Currently, texture analysis can reveal tissue characteristics with image parameters. For instance, kurtosis describes the peakedness of a signal intensity histogram, entropy describes the heterogeneity of an image, and skewness describes the average brightness of highlighted features. These parameters quantitatively show characteristics which were not previously discernible via simple visual analysis. There have been attempts to apply texture analysis on brain MRI to quantitatively show tissue characteristics of brain tumors with diffusion-weighted imaging (DWI) [11] or other conventional sequences [12, 13]. To quantify DMVs, another study tried to count and compute venous density with 7-T brain MRI [14]. In that study, DMVs were assessed and quantified with automatically created region of interests (ROIs) close to the lateral ventricles [14].

It is important to assess DMV prominence in infants since it is related to pathologic conditions such as ischemia.
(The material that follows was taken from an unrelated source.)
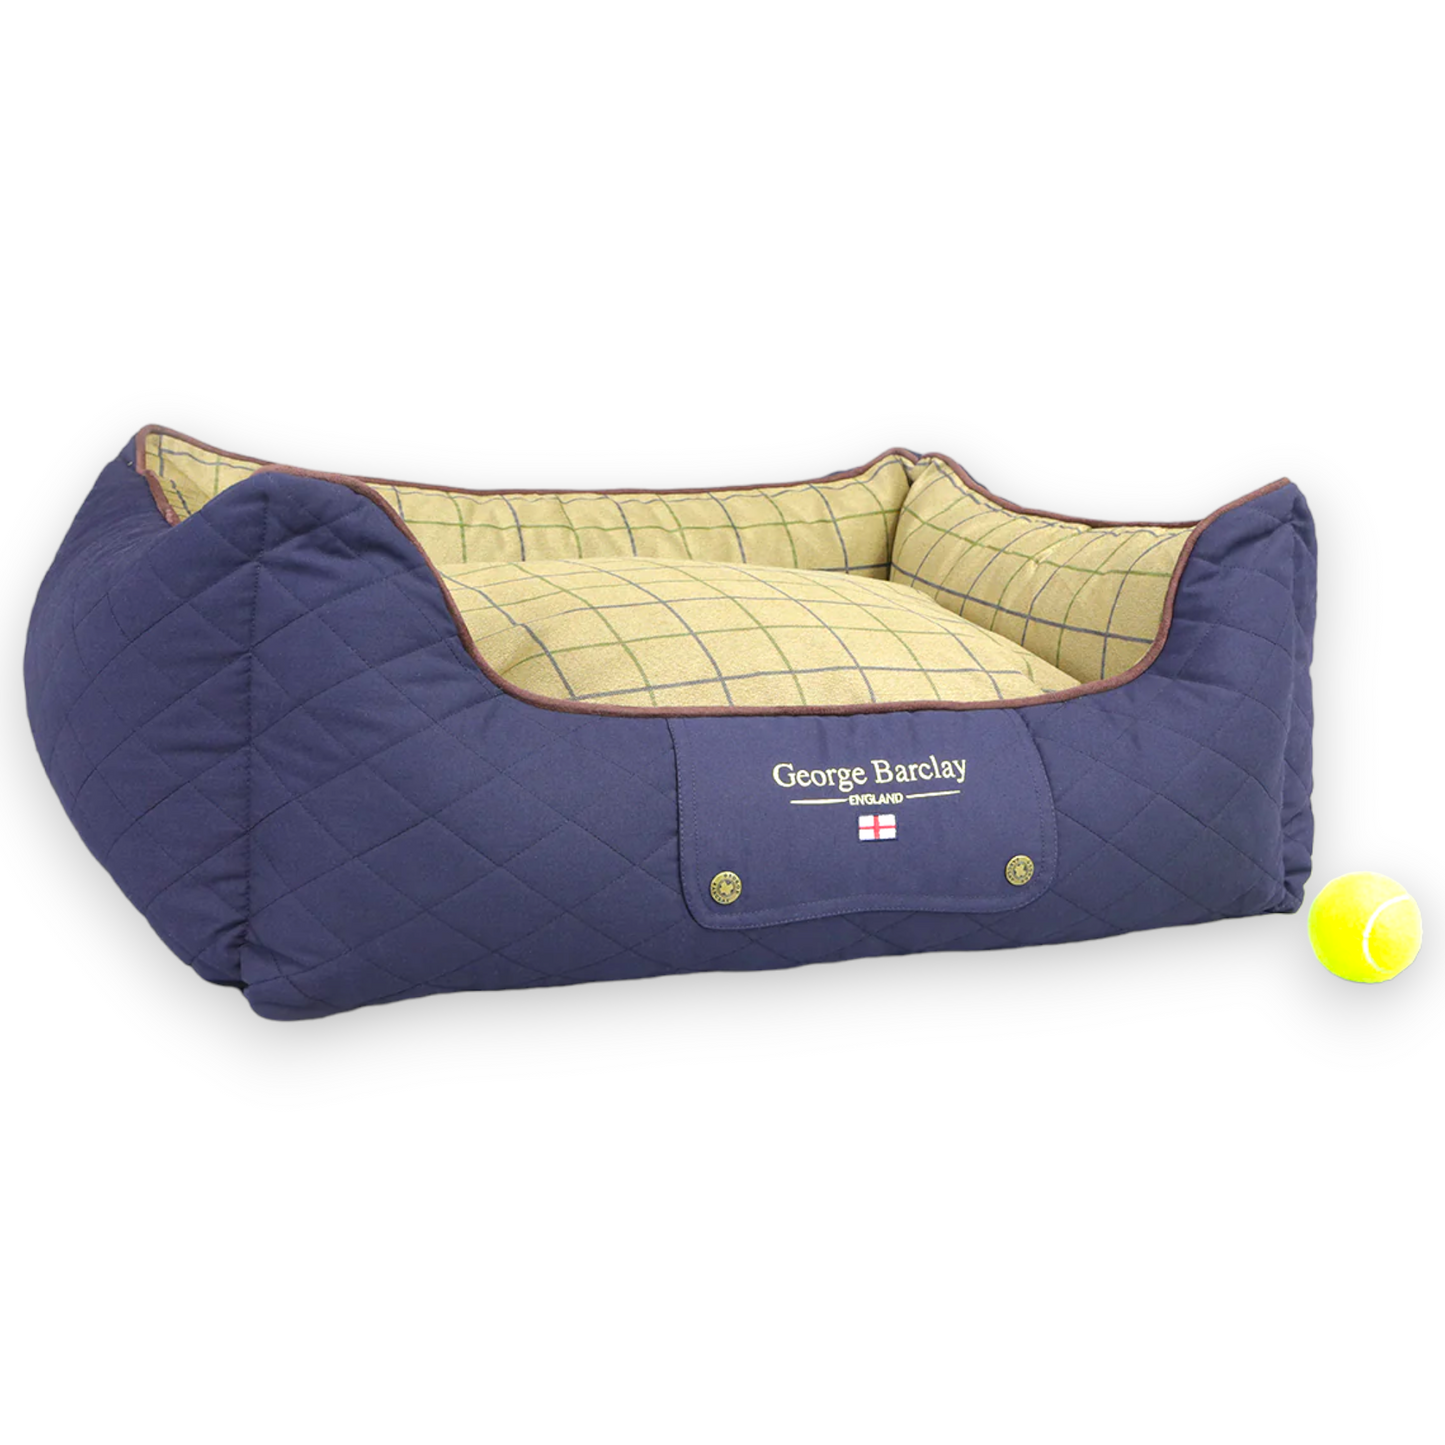 George Barclay Country Box Bed - Midnight Blue - Dog Bed

A recent study suggested a visual scoring system for WM injury after DMV thrombosis [15]. However, to the best of our knowledge, there have been no previous reports quantitatively examining DMV prominence. We hypothesized that SWI textural analysis parameters could help radiologists quantitatively compare DMVs in infants. To test this hypothesis, we compared SWI texture parameters by age group and showed relationships with postmenstrual age (PMA). We also compared SWI texture parameters between infants with normal MRI and infants with ischemic injury.

Materials and methods

Patients

This retrospective study was approved by our institutional review board, which waived written informed consent for the review of medical records and images. The inclusion criteria were as follows: (1) infants who were admitted to our hospital’s neonatal intensive care unit, (2) infants who underwent brain MRI with a 3-T scanner (MR 750w, GE Healthcare) from December 2017 to December 2018, (3) infants with MRI including SWI, (4) infants who were either born preterm (gestational age < 37 weeks) or term (gestational age 37 weeks and older), and (5) infants with a PMA of less than 6 months. Exclusion criteria were as follows: (1) infants with intracranial hemorrhage; (2) infants with congenital malformations, infection, or metabolic disease; and (3) infants with motion artifacts on MRI. We excluded infants with intracranial hemorrhage as we wished to quantify the degree of DMV prominence and not definite hemorrhage that would affect texture parameters on SWI.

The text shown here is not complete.